If you look at the history of votes on Supreme Court nominees, the hyper-partisan divide, splitting along party lines, is an anomaly. We're in a new era. The last 4 nominees[1] just barely squeaked by, while historically, nominees usually got 60, 70, even 80+ votes in the Senate. What we are seeing now is very, very different. It used to actually be based on qualifications, and now it's 100% ideological and politics.

A party "controlling" the Supreme court. What a crappy reality we are in now.

edit: [1] I should say 5 nominees, because Garland didn't even get a vote for an entire year because the Senate majority quashed it in order for the next President to nominate someone else. Blatant theft of a constitutionally-enumerated power allotted to the President, if you ask me.


> A party "controlling" the Supreme court. What a crappy reality we are in now.

Absolutely. But the problem of partisan courts is endemic in the US Judicial system. Encountering Far-left or right judges at all levels is fairly common.

It doesn't matter which side started packing the courts because now it is a race to see who can do it the fastest. By luck, planning or whatever the conservatives did it at the highest level. The liberals really shouldn't say anything because they are also doing the same thing at every level.

In general, we need to get away from Courts, especially at the Federal level, writing laws. In fact, anyone who is not elected (including the bloated, highly partisan admin fed/state agencies) should not be writing law.


Keep the Senate the way it is, but elect Senators through proportional representation: each voter votes for a party, and that party gets as many Senate seats as its percentage vote share. Parties can choose the Senators they seat by any method that they officially publish before the election. This could be, for example, by having an internal election/primary that results in an ordered list, or even something strange like a rotating lineup of Senators, or the weekly winner of a contest.

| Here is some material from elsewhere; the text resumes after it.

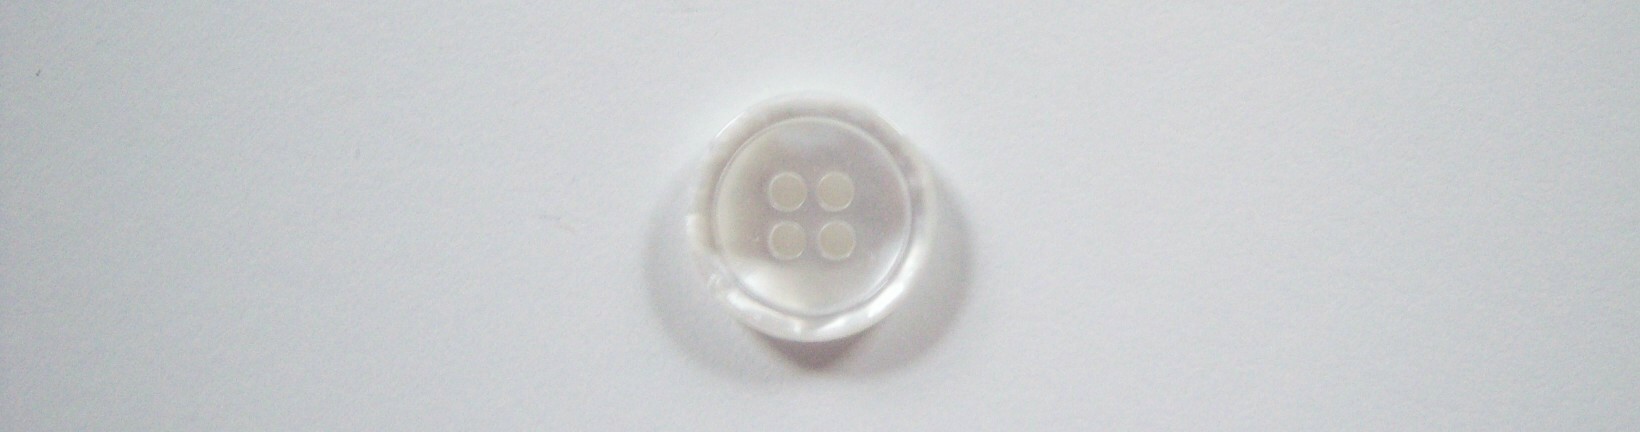 White Pearlized 3/4" 4 Hole Button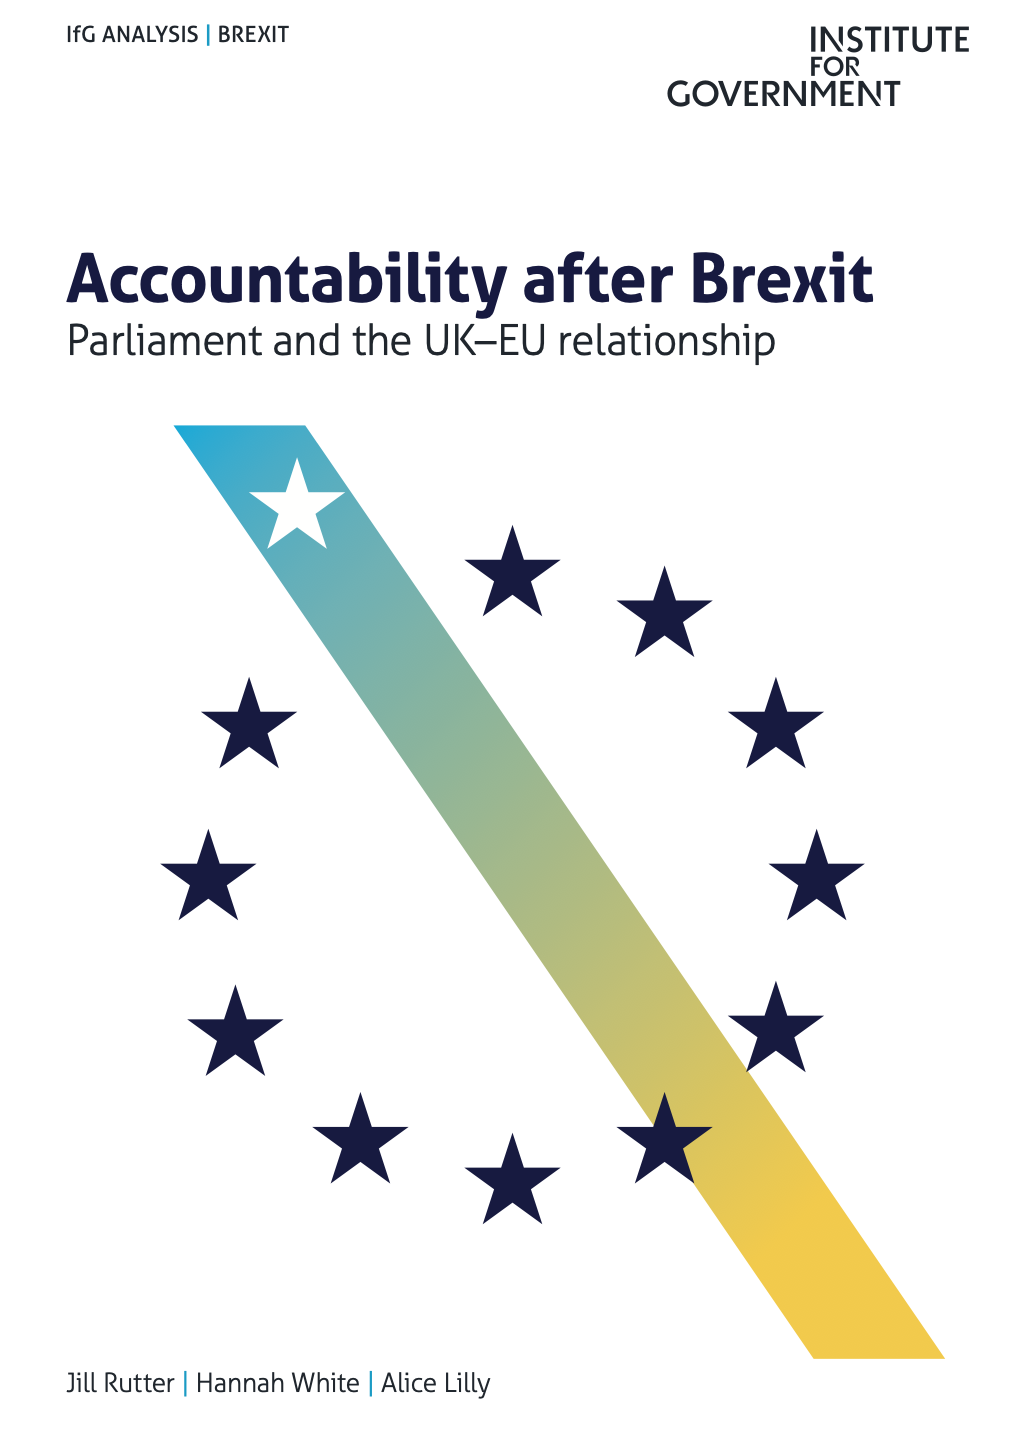 Accountability after Brexit (Parliament and the UK–EU relationship)

People who cling to the Senate system because of the inordinate representation it gives to white, small states would happily give that up for the guarantee that they could get at least one neonazi Senator. We would have to deal with the fact that both Kim and Kanye would have a Senate seat, though.


Why do you think mob rule is better?


Abolishing minority rule does not mean establishing mob rule. It means re-establishing equal representation.


The US government didn’t end up formed this way on accident. It is to avoid a “winner takes all” situation where 51% of the country dictates all laws, policy to the other 49%.


My understanding is that it was largely as a way to appease slave states and provide reassurance that there wouldn't be abolition at the federal level, not to provide an idealized balance between states.

And even if it were for that purpose, having a "winner takes all" that requires 51% to achieve would still be better than the current system, which still allows for a winner-takes-all state but with much less than 51%. Checks and balances were designed under the assumption that the legislative, executive, and judicial branches would be balanced by a constant struggle against each other. They didn't account for political parties, which can result in multiple branches of government being controlled by an overarching party, effectively negating those balances.


Tell that to Reddit. SMH


More equal, maybe. Equal, certainly not. The power will just shift from the land-controlling rich to the city-controlling rich.


That would still be an improvement, as it would require getting the approval of the majority of voters, rather than a majority of land.